I just realized that they may not make a PSU with enough wattage or connectors to drive a dual E5 system with 4 GPUs (possibly some of them having more than one GPU chip on board, such as with the HD 7990 or a possible future GTX 790).
Could it be possible that the PSU may put a cap on my wish to build a system with two CPU slots and four GPUs in a bench, tower, or free-standing form factor?
If you look at prices for all these parts, we're talking about a $5,000 to $6,000 system. I can't do that all at once. But I would like to do it in phases over the course of the next two or three years. Which means that the PSU (or multiple PSUs?) should be planned and sized early in the project so that I won't have to scramble when it's time to place an order.

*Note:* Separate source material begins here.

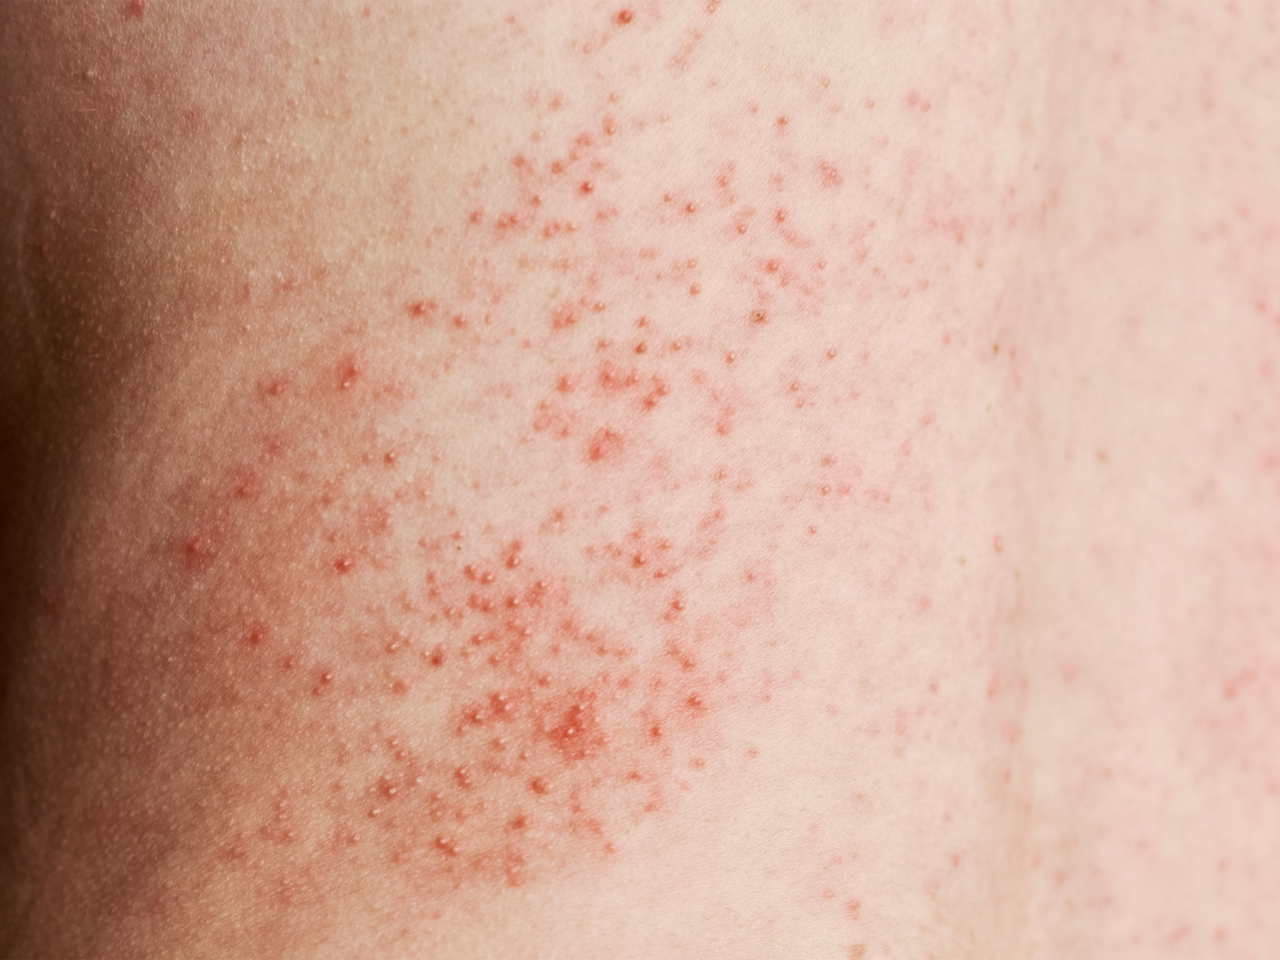 Skin with red rashes and eczema

For reference, this is going to be a high-compute machine for the great majority of time, and it will run F@H 24/7 except when I send it GPGPU work from my main workstation. It will probably live in the guest bedroom and will likely serve as a web browser when visitors come and stay; guests who don't arrive with their own laptop, that is... Heat generation will not be insignificant, so for comfort I plan to stop folding when guests are over.
It will be set up for Steam and therefore might be used for games on occasion, but probably not often; and certainly no need for Crossfire or SLI; just multiple badass GPUs for compute and one to drive a single big monitor.
Is this plan feasible with just one very big PSU, or am I getting into rarified air here? If multiple PSUs are needed, how do you do that and satisfy the 24-pin load on the second PSU...and where do you put a second PSU?
I also have a semi-related case topic. It was a judgement call, but I decided to separate the two.